La confianza institucional y la actuación del IMPIC
La confianza en las instituciones es un bien intangible, pero fundamental. Y precisamente por eso resulta tan grave lo ocurrido en este caso.
La actuación del IMPIC es, sencillamente, una vergüenza.
No puede ser que cuando el ciudadano —en este caso, la víctima de una actuación irregular en el sector de la construcción— haya cumplido escrupulosamente con la normativa, haya presentado la denuncia dentro de plazo, haya aportado todas las pruebas requeridas y haya colaborado cada vez que se le solicitó información, el resultado final sea un archivo por prescripción derivado de la propia inactividad administrativa.
Cuando el IMPIC tarda más de tres años en tramitar un expediente y finalmente lo cierra por prescripción, estamos ante un fallo institucional que traslada al denunciante las consecuencias de la ineficiencia administrativa.
Y eso supone una forma de revictimización. Porque no solo se sufre el perjuicio inicial derivado de la actuación irregular del estafador. Se sufre, además, la sensación de abandono por parte del organismo público encargado de supervisar el sector.

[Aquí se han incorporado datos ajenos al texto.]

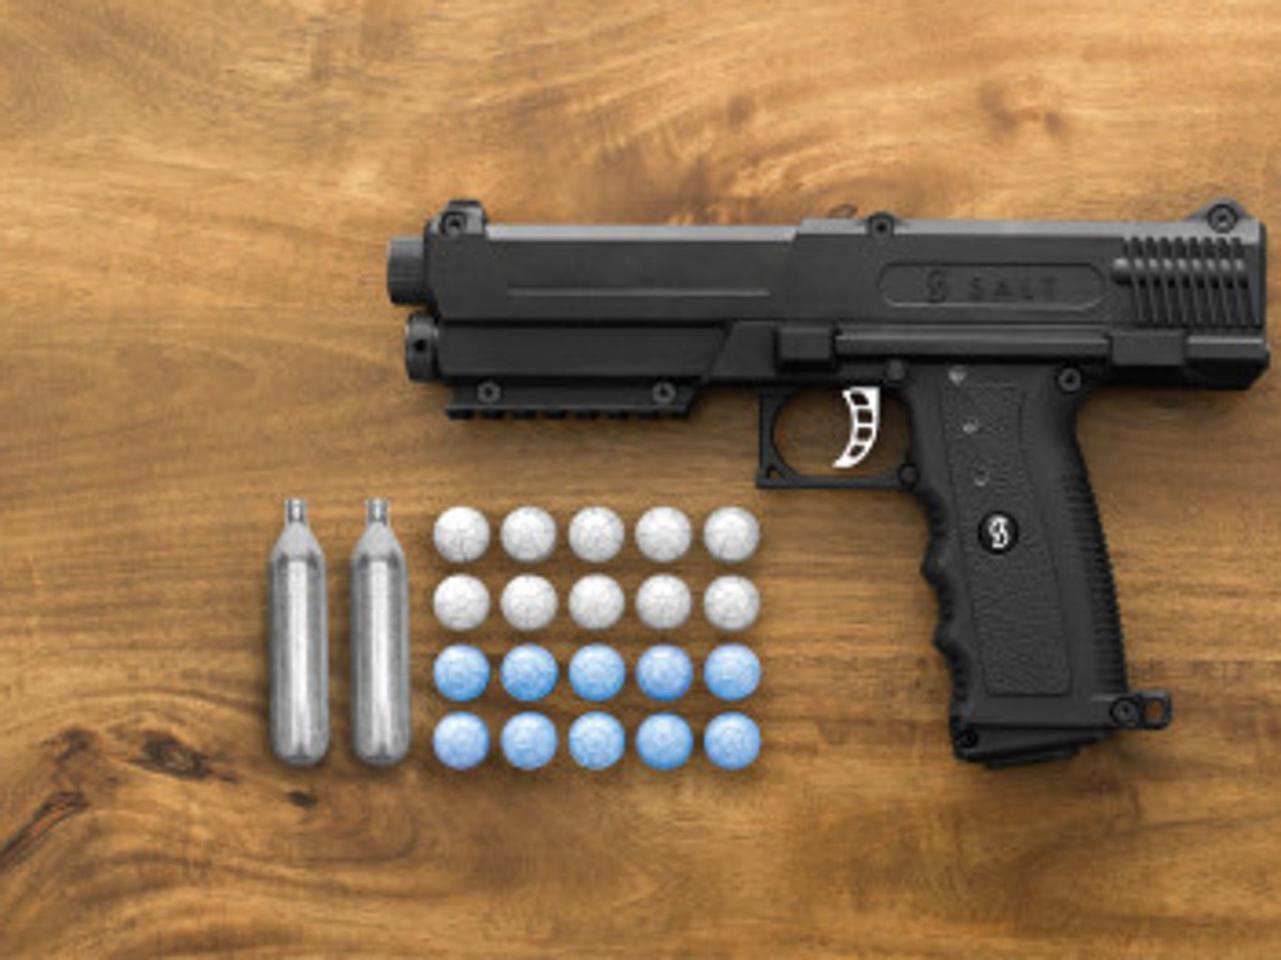 The Salt Gun fires incapacitating powder pellets instead of bullets

Es una situación difícil de comprender en un país miembro de la Unión Europea, donde la tutela efectiva de los derechos y la buena administración deberían ser principios operativos, no meramente declarativos.

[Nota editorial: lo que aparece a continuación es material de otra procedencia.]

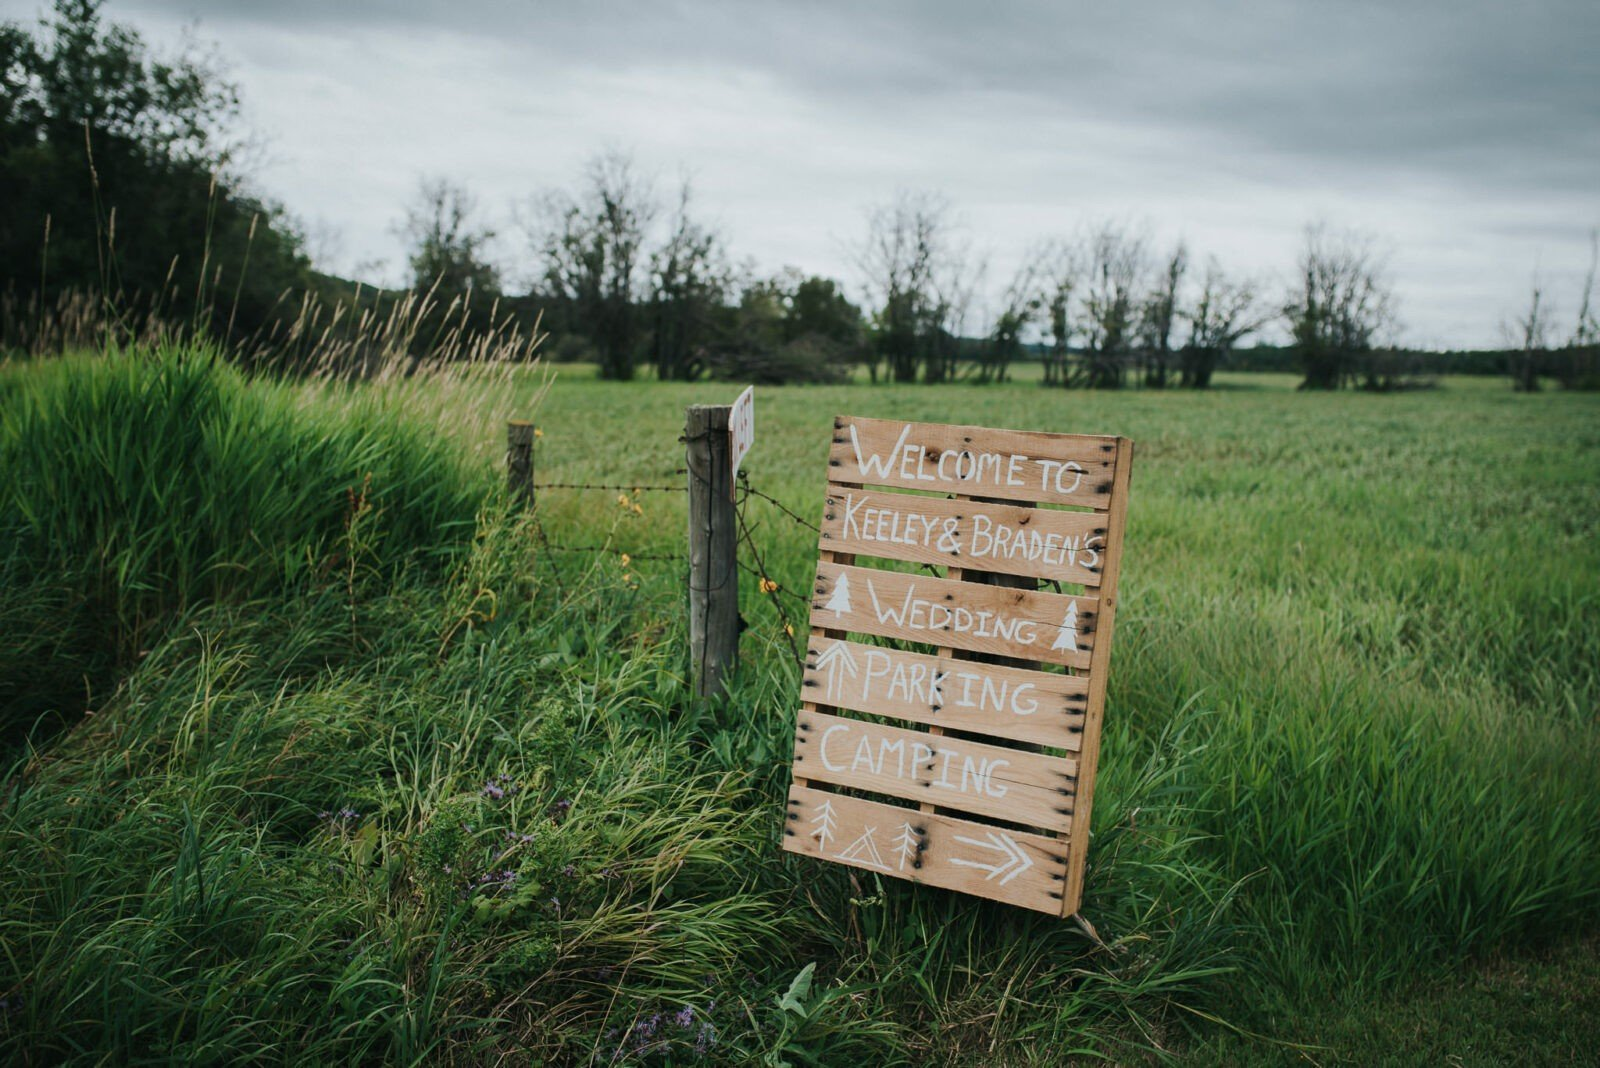 Entrance sign for woodland wedding

La realidad es que denunciar no sirve de nada.
No es que las instituciones promuevan deliberadamente la ilegalidad, pero su falta de actuación eficaz termina generando exactamente ese efecto. Por acción u omisión, parecen facilitar que quienes actúan al margen de la ley continúen haciéndolo con tranquilidad, mientras el ciudadano queda desprotegido y completamente abandonado.